Choosing Between One Big Agent and Five Specialists

One generalist with all tools is simpler. Specialists are more reliable. The decision rule, with cost numbers, that picks the right shape per use case.

The rule

The choice between one big agent and five specialists is not a matter of taste. It maps cleanly to the failure modes the agent will see in production and to whether each specialty has an owner who keeps it sharp.

Specialists win on diverse failures. When MTTR matters and the failure shapes are diverse, dedicated specialists beat a generalist on accuracy and latency.
Specialists need owners. Each specialty needs its own eval suite and prompt-engineering owner. Without dedicated owners, specialists rot inside a quarter.
Generalists win on narrow scope. Single-domain or low-volume agents do not pay back the orchestration tax of specialists.
Default to specialists. Most production SRE work is diverse failure modes. Resist the simplification of “one big agent” once you see real traffic.

Cost numbers

Cost rarely decides the architecture because the two shapes converge. The decision is reliability, not invoice.

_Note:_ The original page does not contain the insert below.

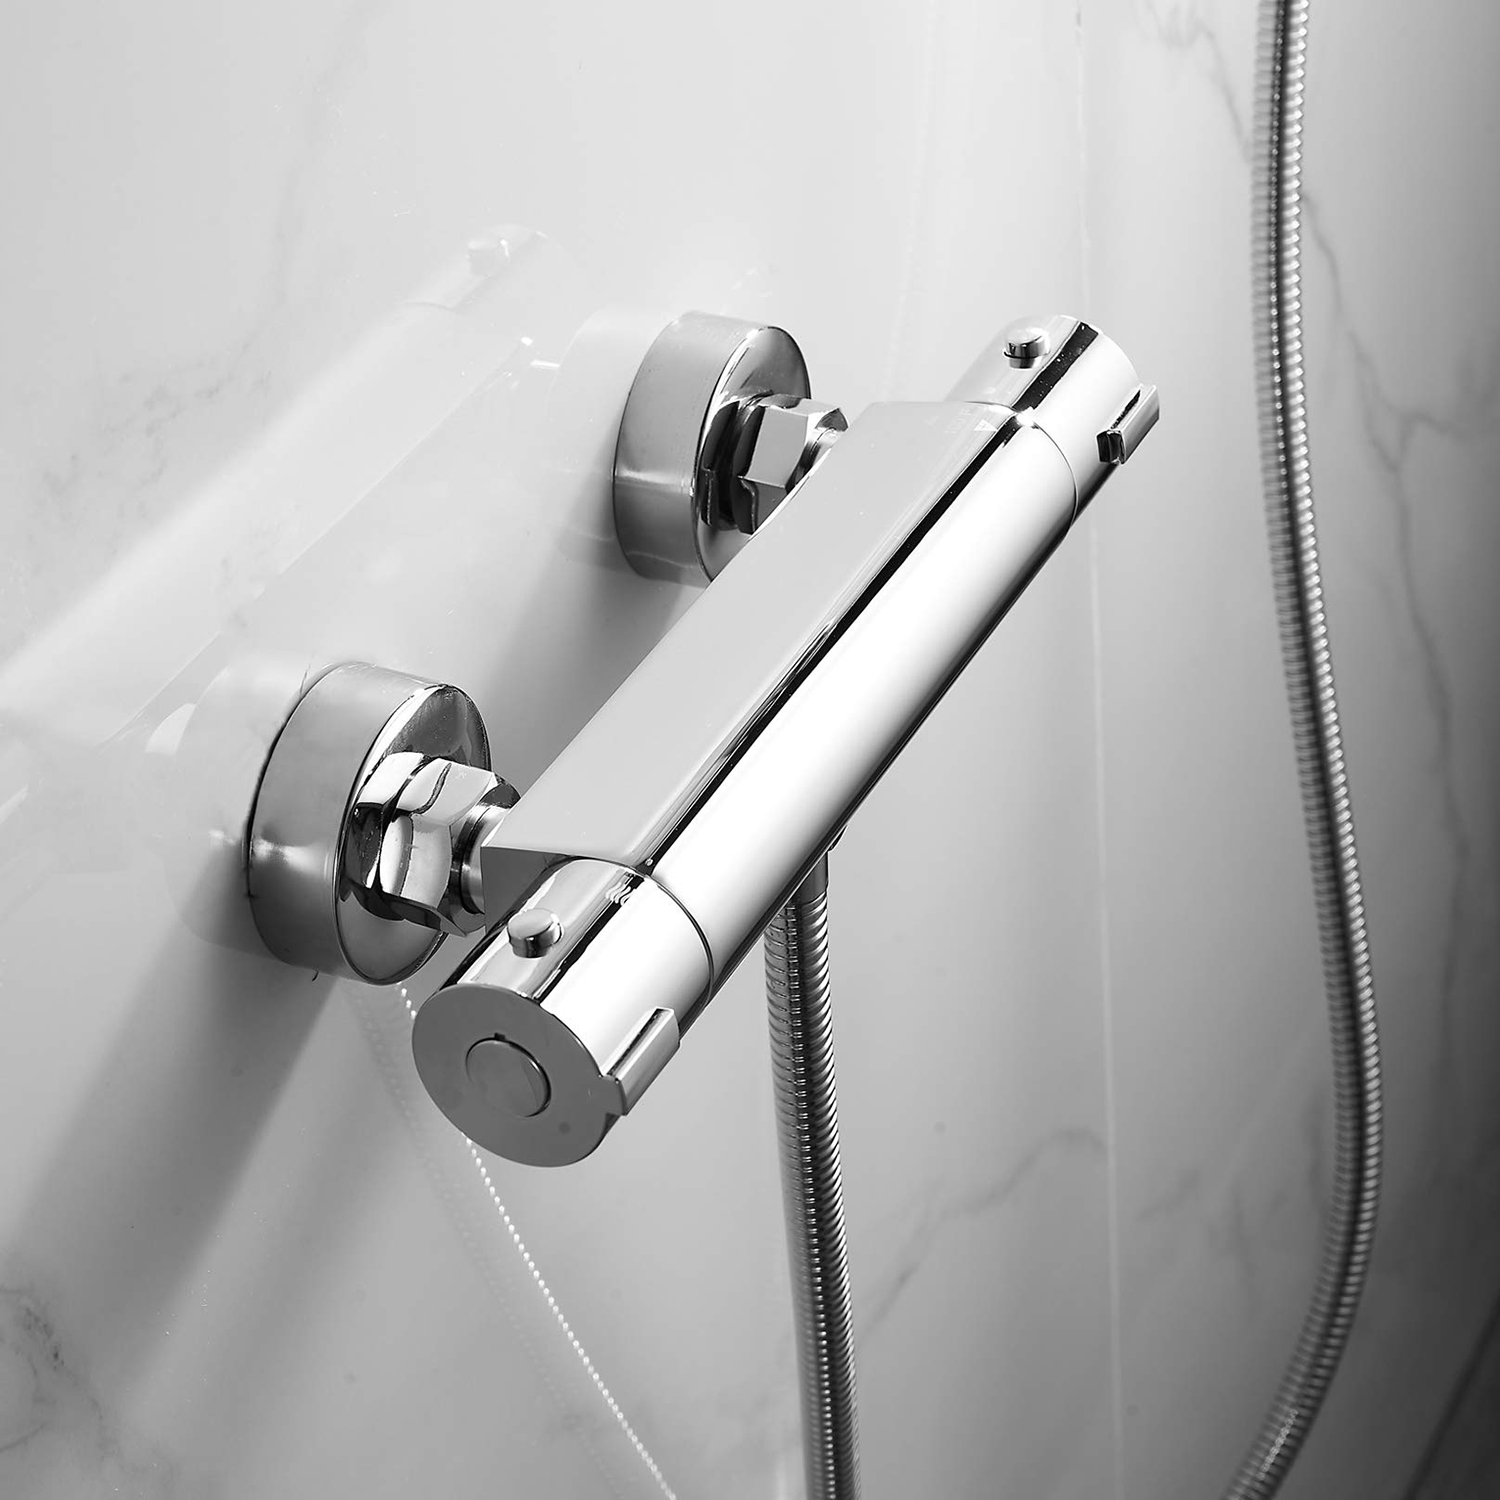 Robinet mitigeur thermostatique pour barre de douche, maison moderne, robinets chromés pour salle de bains, double sortie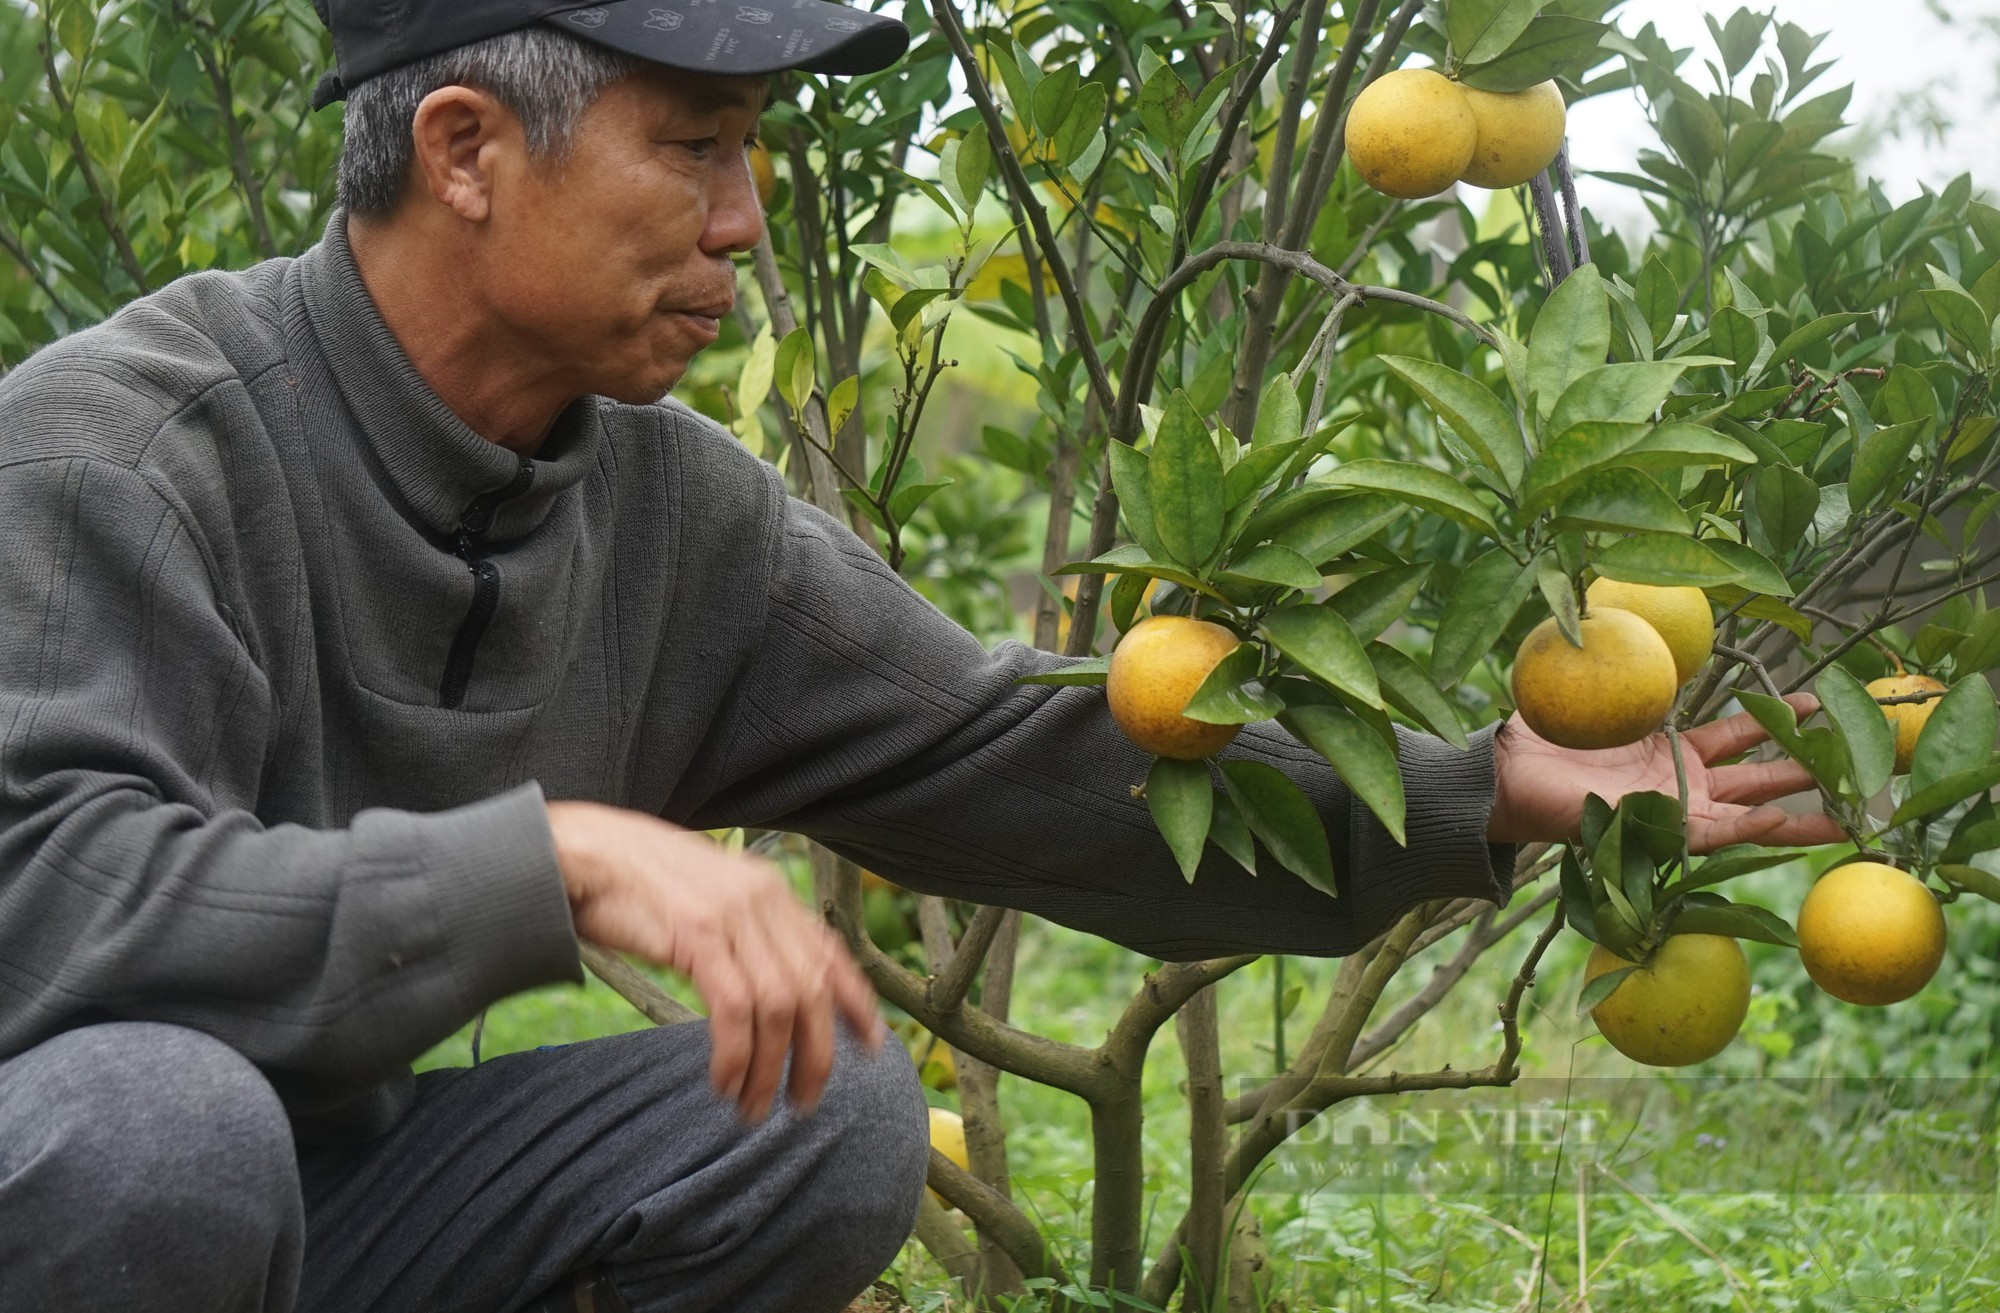 Loại cam đặc sản nức tiếng ở Nghệ An mỗi quả giá 80.000 đồng đang treo trên cây khách đã đến đặt mua - Ảnh 5.

Generalist run. One prompt, around 8k tokens, roughly $0.04 per run. Higher latency from the larger context window.
Specialist run. Five prompts at around 2k tokens each, roughly $0.05 per run total. Each specialist is faster individually; orchestration adds latency overhead.
Reliability gap. Tighter specialist prompts produce more reliable behaviour on their domain than a sprawling generalist prompt covering all five.
Eval cost. Specialist eval suites are smaller and run faster, which reduces the overall cost of every change to a prompt or tool.

When generalists win

The generalist shape is the right answer in three situations. Each is about scope being too narrow to amortise the specialist tax.

Single-domain agents. Only DNS, only Kubernetes, only databases. Within one domain a generalist is fine; specialisation does not help.
Low-volume agents. Under a handful of runs per day; orchestration overhead is not amortised, so the simpler shape wins.
Early-stage agents. Ship a generalist first, observe the failure modes for a quarter, and split into specialists when the data tells you where the seams are.
Internal demos. Tools meant to inspire, not to operate. The generalist is easier to demo and easier to throw away.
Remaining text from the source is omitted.